# Automatización de una bomba



## drackoas (Abr 26, 2009)

Hola, Buenas tardes

Vivo en la parte mas alta de un edificio de 4 niveles y como el agua no alcanza a llegar hasta arriba tenemos que subirla con una bomba. Estoy tratando de automatizar este proceso, pero para esto necesito saber cuándo hay agua disponible en la tuberia ya que no hay todo el tiempo. (la tuberia es de cobre de 1/2 pulgada, desconozco la presion con que llegue, pero es una instalación domestica), La idea es que la bomba se encienda cuando haya agua Y cuando el tanque este vacio, y se apague cuando no haya agua O el tanque este lleno, como veran, el control es muuuy simple, solo necesito de algo que me avise cuando hay agua.

Tambien quiero construir un sensor que mida el nivel de llenado del tanque, intente hacerlo con un emisor-receptor infrarrojo conectado a un driver con 10 leds, pero la salida no es lineal, además lo máximo que alcancé fue como 80cm de distancia y la altura de mi tanque es de 1.3m.

Les agradecería si pudieran ayudarme.


----------



## Eduardo (Abr 26, 2009)

En esos casos se usa otro tanque abajo (cisterna) y se usan 3 flotantes (1 arriba y 2 abajo,  son 2 para la electrobomba y 1 para cortar el ingreso a la cisterna).
La razon es porque si la bomba chupa directamente de la cañeria, como precisamente el problema es la presion, dejas sin agua al resto de los vecinos.

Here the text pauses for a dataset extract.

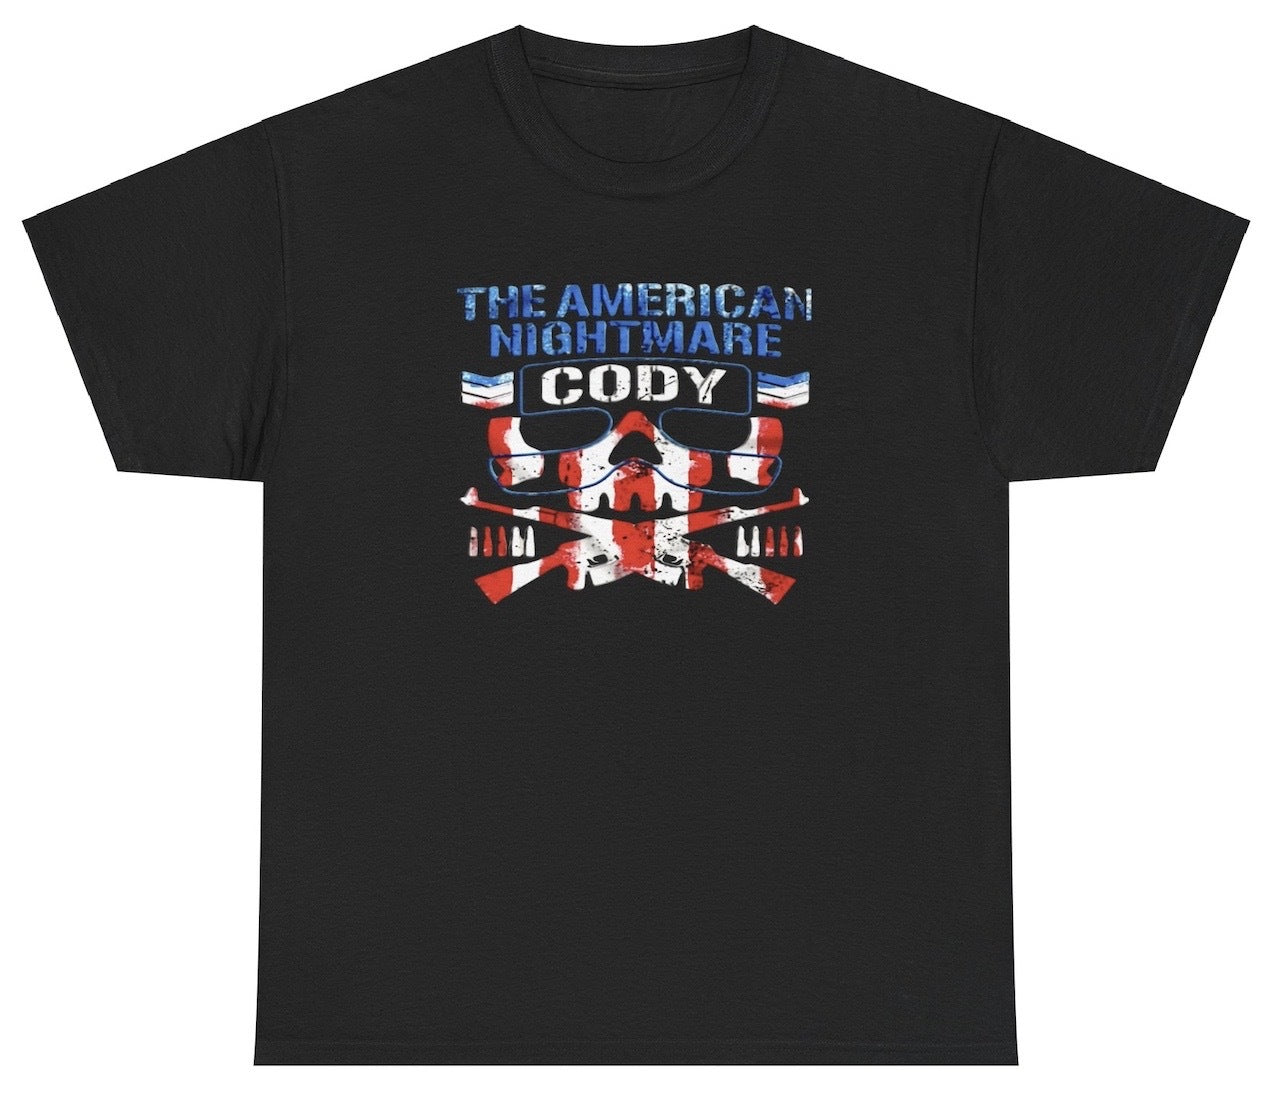 AAA Cody Rhoades T Shirt The American Nightmare WWE Wrestlemania Smackdown Merch Tee

Como poner la bomba chupando directamente de la red es barato y ocupa poco espacio, esta lleno de inadaptados que lo hacen cagandose en sus vecinos.


----------



## drackoas (Abr 27, 2009)

Por razones de espacio no me es posible instalar una cisterna, el problema unicamente se presenta en el cuarto piso (donde por el momento vive unicamente mi familia), ya que para los demas pisos les suficiente la presion con la que llega el agua. Ademas obviamente la bomba no estara encendida todo el tiempo.

Solo requiero de un sistema que indique cuando llega el agua. Espero sus respuestas.


----------



## El nombre (Abr 27, 2009)

Si quieres hacer un nivel de liquidos no es problema.
Existen unos que se usan en pozos y funcionan con  tres electrodos. No te da problemas de espacio.
Las tienes espacificas para llenado, vaciado y mixto (6 sondas)
Saludos


----------



## Daniel.more (Abr 27, 2009)

no puede poner electrodos al no tener cisterna....pero si puedes poner un persostato de 1 kilo de precion a la entrada de la bomba,desde que hay agua el la detecta y sierra el circuito para arrancar la centrifuga,y se parara cuando la bolla nivel que has puesto en tu bidon arriba indica que esta lleno,o porque actuo el segundo persostato (instalado a la salida de la bomba que indica que la bomba esta en marcha pero sin precion.saludos


----------



## diegolade (Abr 27, 2009)

Si pudiese mandar una imagen hecho en paint o a mano)de tu problema seria de mucha utilidad para ayudarte. Saludos


----------



## fernandob (Abr 27, 2009)

mo. no .....me parece que si no lei muy por encima estan mezclado cosas.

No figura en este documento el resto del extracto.